Open-loop multi-channel inversion of room impulse response

TL;DR

This paper presents a method for creating immersive 3D audio in virtual reality theaters by inverting room transfer functions using multi-channel inversion of simulated impulse responses, enhancing sound localization accuracy.

Contribution

It introduces an open-loop multi-channel inversion technique based on simulated impulse responses for accurate sound field reproduction in VR environments.

Findings

Achieved a dereverberation ratio of 10 dB.

Validated the method with measurements and simulations.
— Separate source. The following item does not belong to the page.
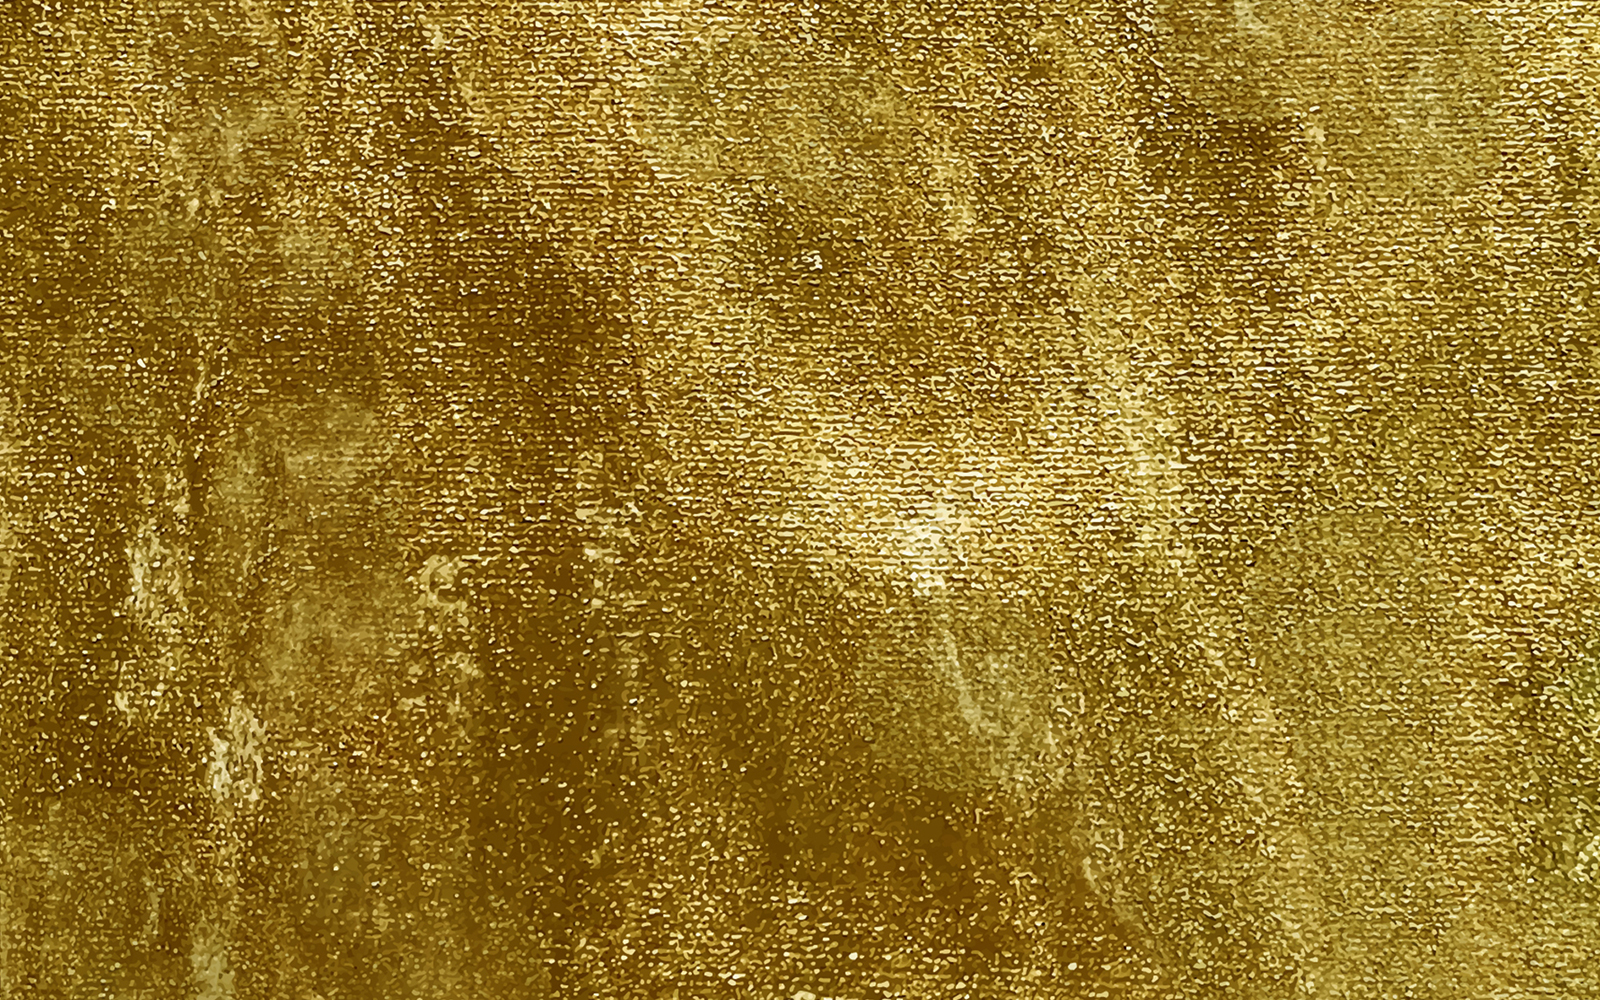 Golden shiny grunge texture background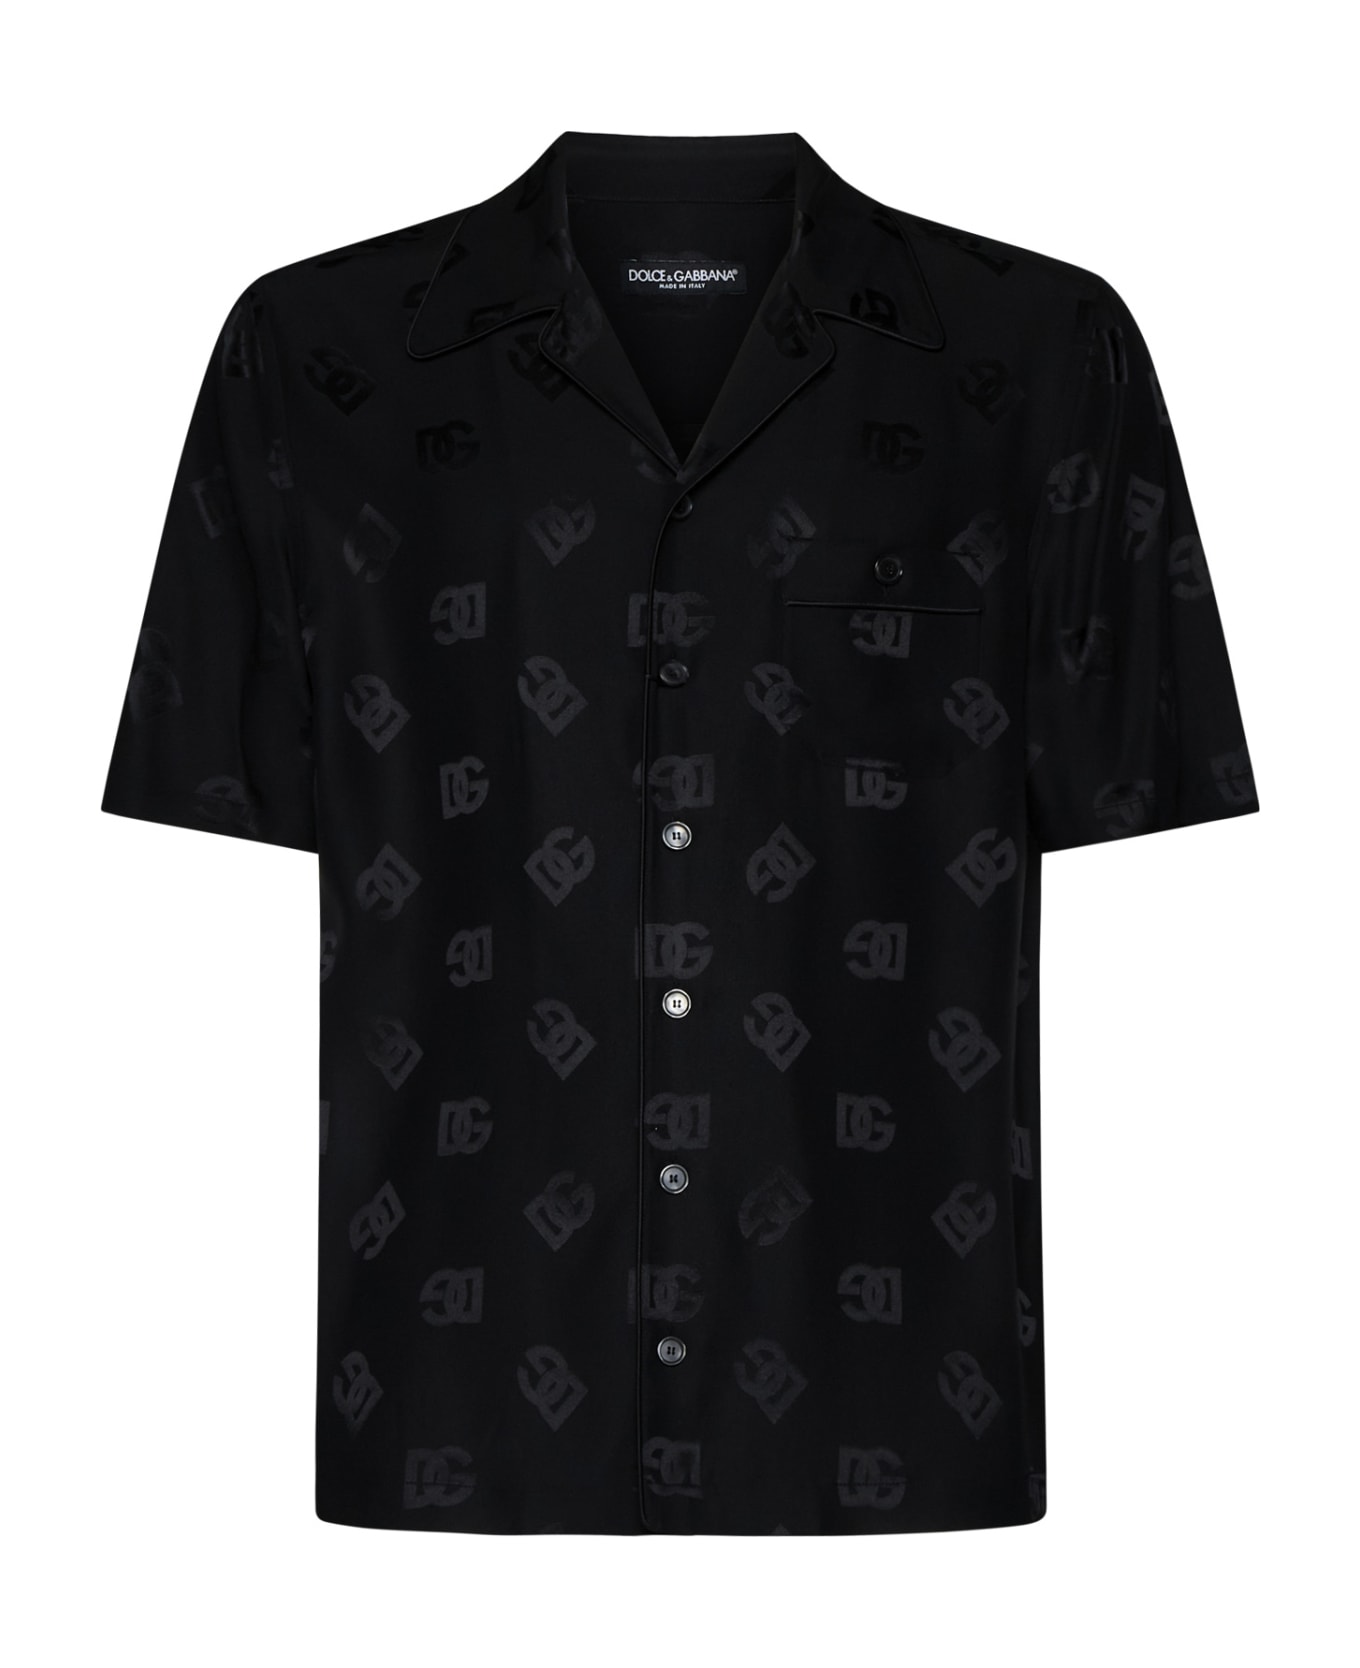 Dolce & Gabbana Silk Jacquard Shirt With Dg Monogram Print - Nero

Improved inversion accuracy by windowing simulated responses.

Abstract

This paper considers methods for audio display in a CAVE-type virtual reality theater, a 3 m cube with displays covering all six rigid faces. Headphones are possible since the user's headgear continuously measures ear positions, but loudspeakers are preferable since they enhance the sense of total immersion. The proposed solution consists of open-loop acoustic point control. The transfer function, a matrix of room frequency responses from the loudspeakers to the ears of the user, is inverted using multi-channel inversion methods, to create exactly the desired sound field at the user's ears. The inverse transfer function is constructed from impulse responses simulated by the image source method. This technique is validated by measuring a 2x2 matrix transfer function, simulating a transfer function with the same geometry, and filtering the measured transfer function through the inverse of the simulation. Since accuracy of the image source method decreases with time, inversion performance is improved by windowing the simulated response prior to inversion. Parameters of the simulation and inversion are adjusted to minimize residual reverberant energy; the best-case dereverberation ratio is 10 dB.